A investigação das joias, que coloca o ex-presidente Jair Bolsonaro (PL) no centro de suspeitas de um esquema de desvios de presentes diplomáticos, acendeu o debate sobre a competência de o Supremo Tribunal Federal (STF) conduzir um caso envolvendo autoridade que perdeu a prerrogativa de foro. O Estadão apurou que o Supremo deve enfrentar novamente esse debate e pode mudar a posição atual em meio ao julgamento do caso envolvendo o ex-presidente.

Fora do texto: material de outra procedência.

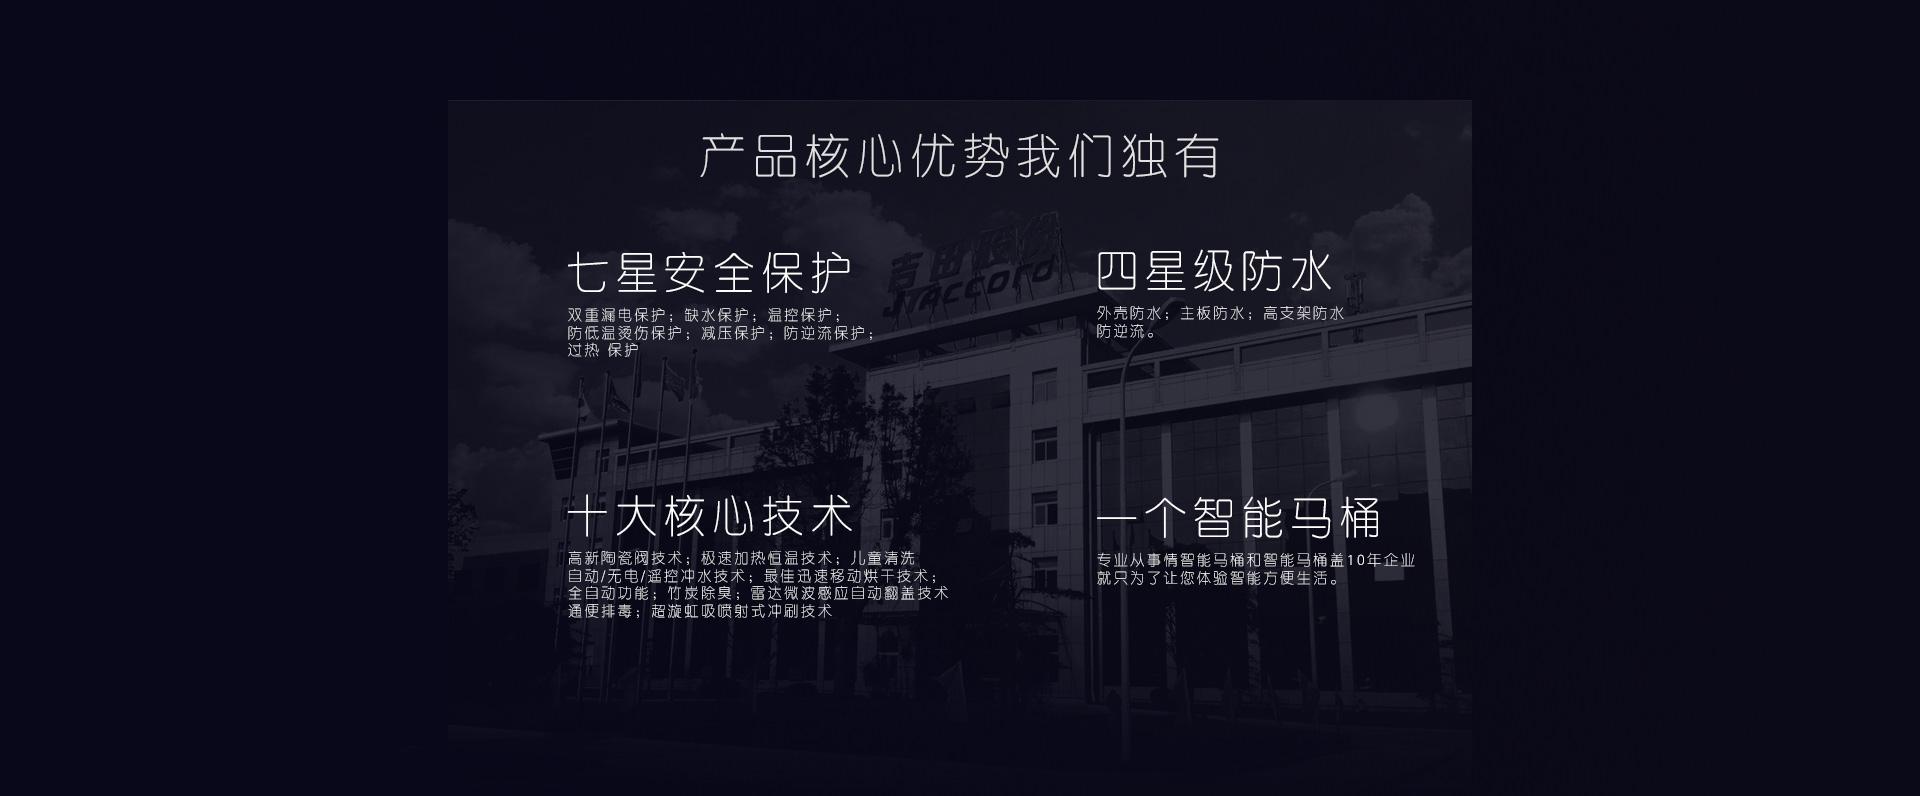 吉田招商广告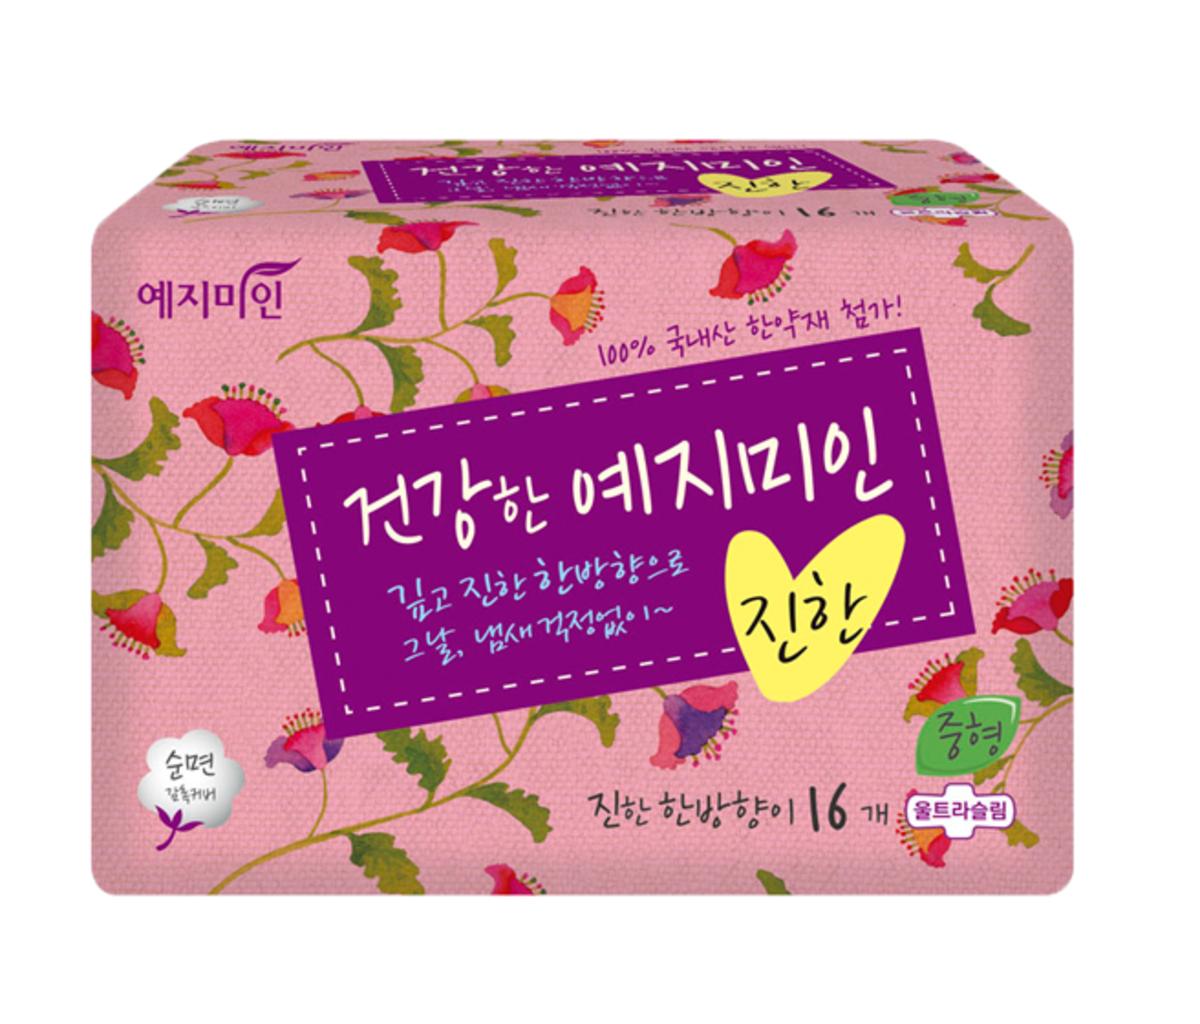 韓國漢方衛生巾 - 棉柔純香 23CM 16片裝

Desde 1.º de janeiro, quando deixou o Palácio do Planalto, Bolsonaro não detém mais foro privilegiado. Com isso, os processos criminais contra ele deveriam em tese tramitar na primeira instância, a não ser que a ação envolva outras pessoas com prerrogativa de foro – o que não é de conhecimento público. O caso está no Supremo porque o ministro Alexandre de Moraes alega que há conexão com outras investigações que tramitam na Corte, entendimento que tem gerado polêmica.

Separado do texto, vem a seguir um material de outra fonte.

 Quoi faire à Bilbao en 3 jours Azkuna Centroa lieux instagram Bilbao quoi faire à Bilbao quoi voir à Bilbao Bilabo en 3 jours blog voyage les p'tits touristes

Segundo dois ministros ouvidos pelo Estadão, para evitar as discussões a respeito da competência do STF, a tendência é rediscutir a atual jurisprudência com grandes chances de a Corte voltar o entendimento pelo qual se a ação for iniciada no Supremo ela deve seguir na Corte mesmo que a pessoa perca a prerrogativa de foro.
Ao contrário de países como Estados Unidos, onde nem o presidente tem tratamento excepcional na Justiça, o Brasil estende o foro a deputados, ministros, desembargadores e até prefeitos.
A partir de 2018, por uma proposta do ministro Luís Roberto Barroso, o Supremo entendeu que só ficariam na Corte as ações criminais que envolvessem crimes cometidos durante o mandato e relacionados ao cargo atual da autoridade. Como Bolsonaro não tem mais cargo, por esse entendimento, ele perde o foro. Essa compreensão foi justificada na época pelo acúmulo de ações criminais tramitando no Supremo. Eram 500 ações na época. Com isso, os casos baixaram para 50.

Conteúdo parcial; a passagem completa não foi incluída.